24 October 2021

Why Non-Compete Agreements Suck

Cory Doctorow relates a tale from the early days of Silicon Valley to illustrate just how dysfunctional non-competes are.

California bans non-competes, so when the increasingly erratic and increasingly incompetent William Shockley drove engineers out of his company, and they went on to found Fairchild Semiconductor, where they invented the silicon transistor.  (Shockley stuck with Germanium)

Note that non-competes are separate from trade secrets, and it explains why Silicon Valley is not Germanium Valley:

In 1956, the Nobel prize in physics went to William Shockley, John Bardeen and Walter Brattain for their work on silicon transistors. Shockley, a Bell Labs alum, had already gone to work commercializing this invention, moving from New Jersey to Mountain View, California and founding Shockley Semiconductors, the first “silicon” company in Silicon Valley. In an important sense, Shockley invented Silicon Valley.

He was a terrible person.

After the Nobel, Shockley turned brooding and paranoid. He installed wiretaps to spy on his engineers and family members and administered polygraph tests to employees.

He lost interest in semiconductors and threw himself into eugenics and the extermination of “inferior” people. He offered cash bounties to Black women who underwent sterlizing surgeries. He toured the US, debating biologists to prove that the human race needed to be purified through “race science” to preserve and refine the superior genes of the very best white people.

All of this would have posed a significant barrier to inventing the commercial silicon transistor, of course. But even without the racism and paranoia, Shockley was a genuinely terrible manager. He was prone to starting and then halting projects, switching up the corporate priorities based on his whims without regard to the work that his employees had put into work that he was scrapping or de-emphasizing.

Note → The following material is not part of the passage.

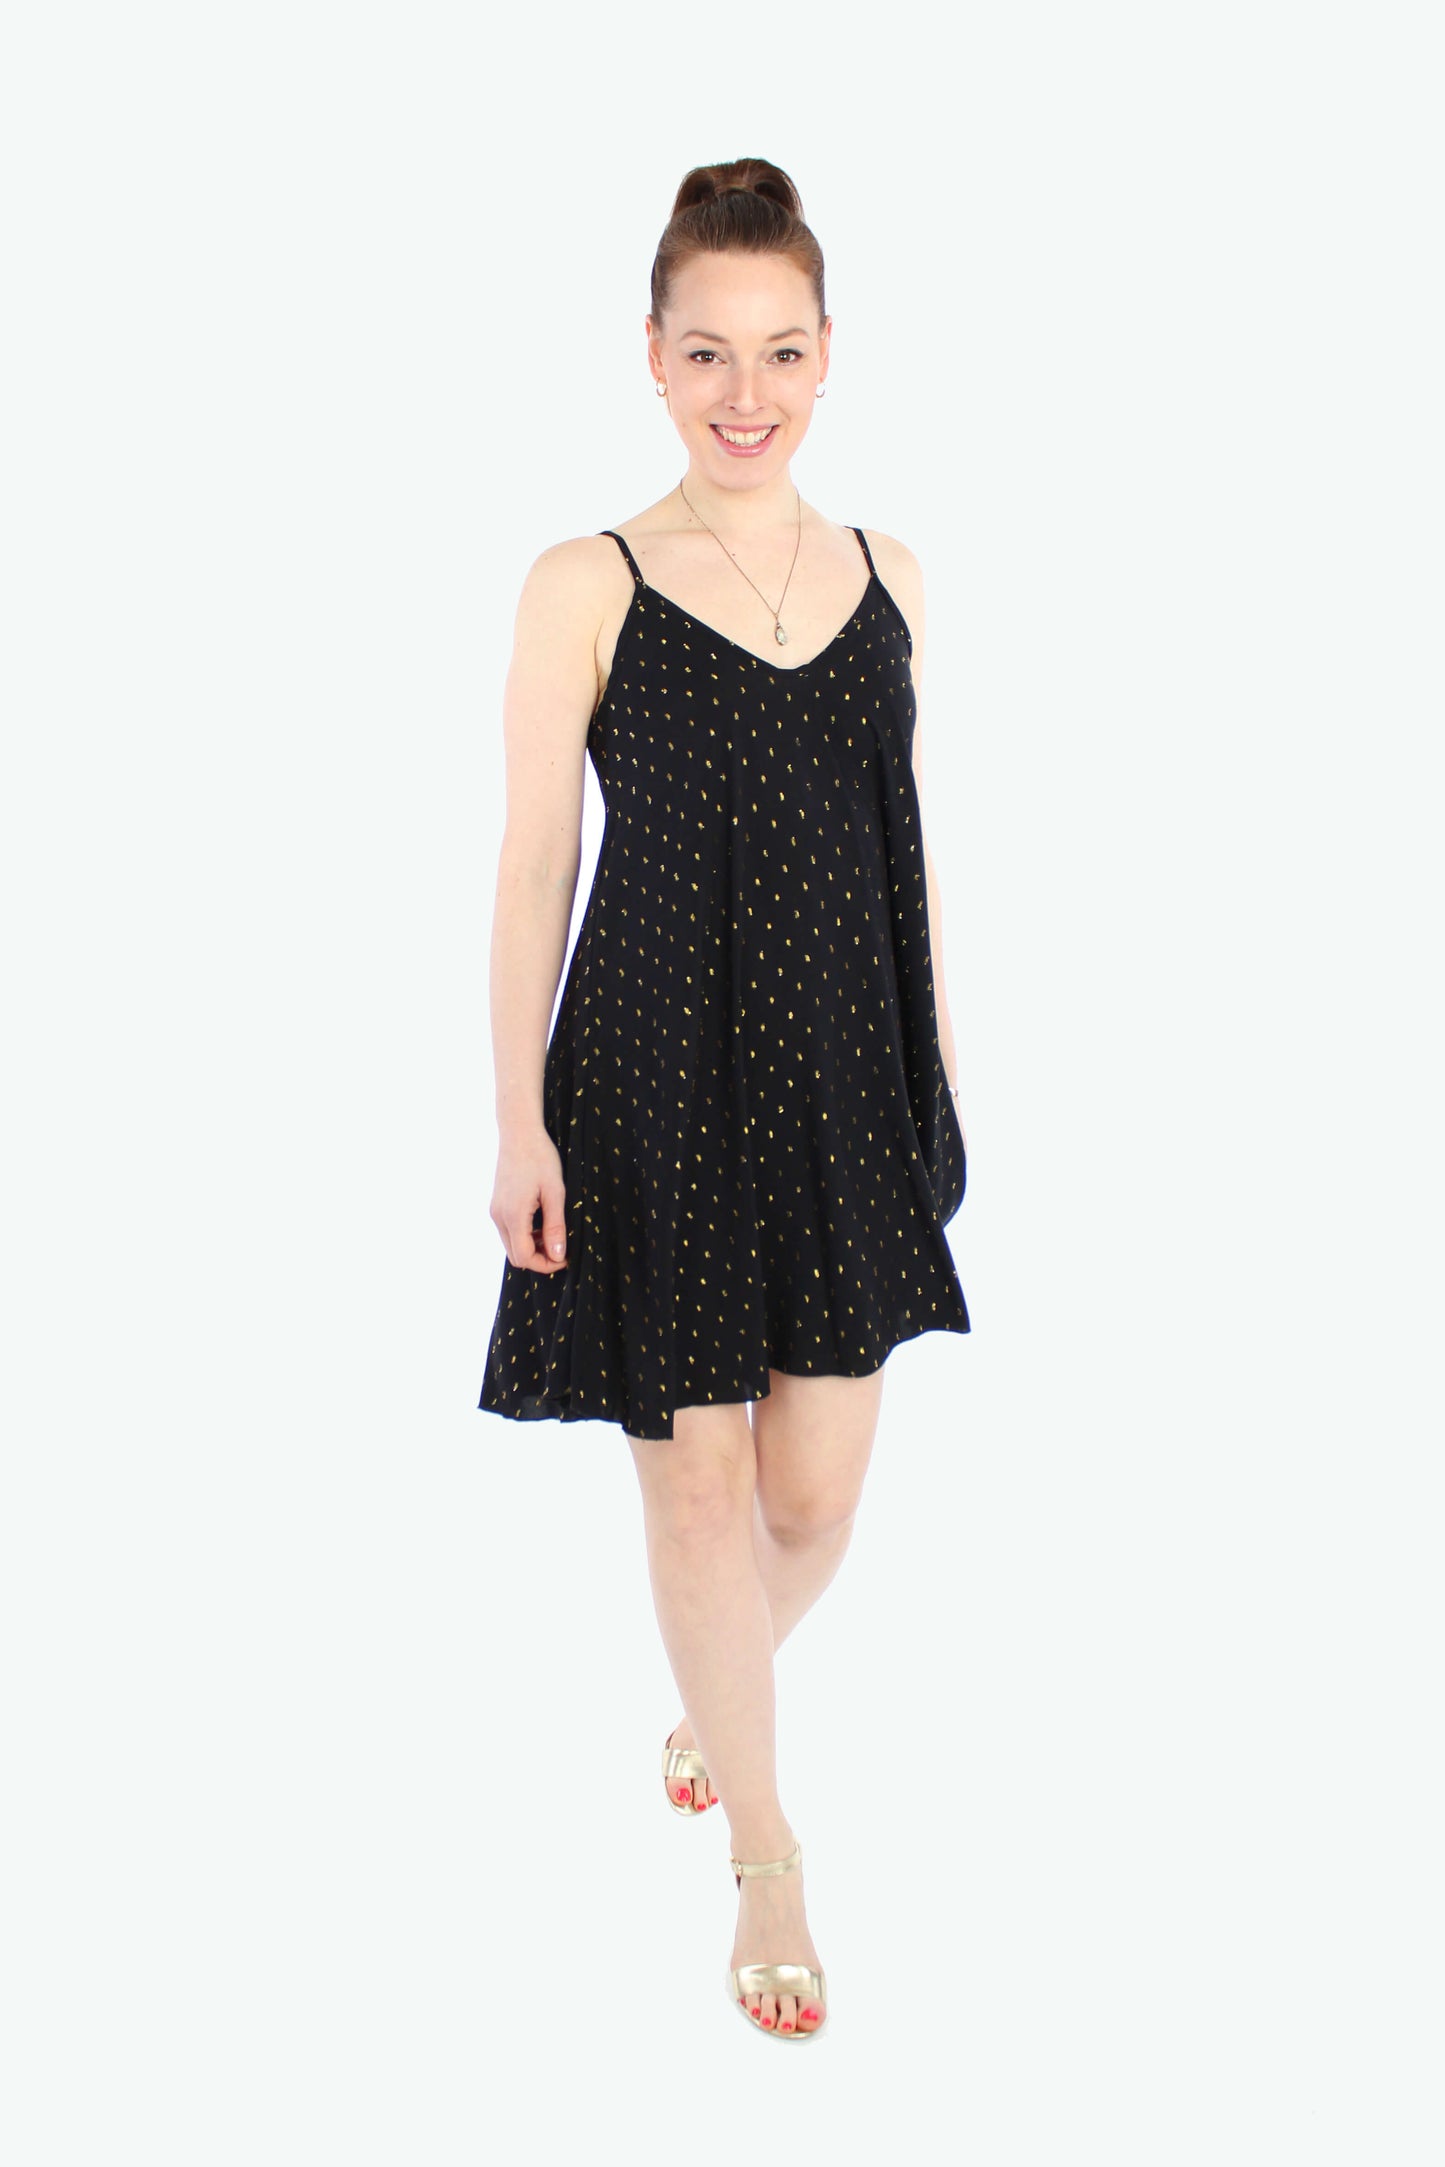 Frau, in einem lockeren Sommerkleid in Minilänge in schwarz mit goldenen Punkten. Das Trägerkleid besteht aus leichten Viskosestoff.

Within a year of the company’s founding, eight of its top engineers had had enough. They quit Shockley Semi and founded their own rival, Fairchild Semiconductor. Less than a year after that, Fairchild launched its first silicon transistor, the 2N696, dooming the
germanium transistor to the scrapheap of history. Silicon Valley was finally making silicon.

As you might imagine, Shockley wasn’t pleased about this. He was, in fact, furious. He branded the engineers who started Fairchild “The Traitorous Eight.” He railed against them to his dying day.

But that was all he could do, really. You see, none of Shockley’s employees were bound by a noncompete agreement. In fact, no worker in California was bound by such an agreement, because California prohibits noncompetes. They are unenforceable in the whole state.

Noncompete agreements are all about keeping employees in serfdom, not about protecting trade secrets.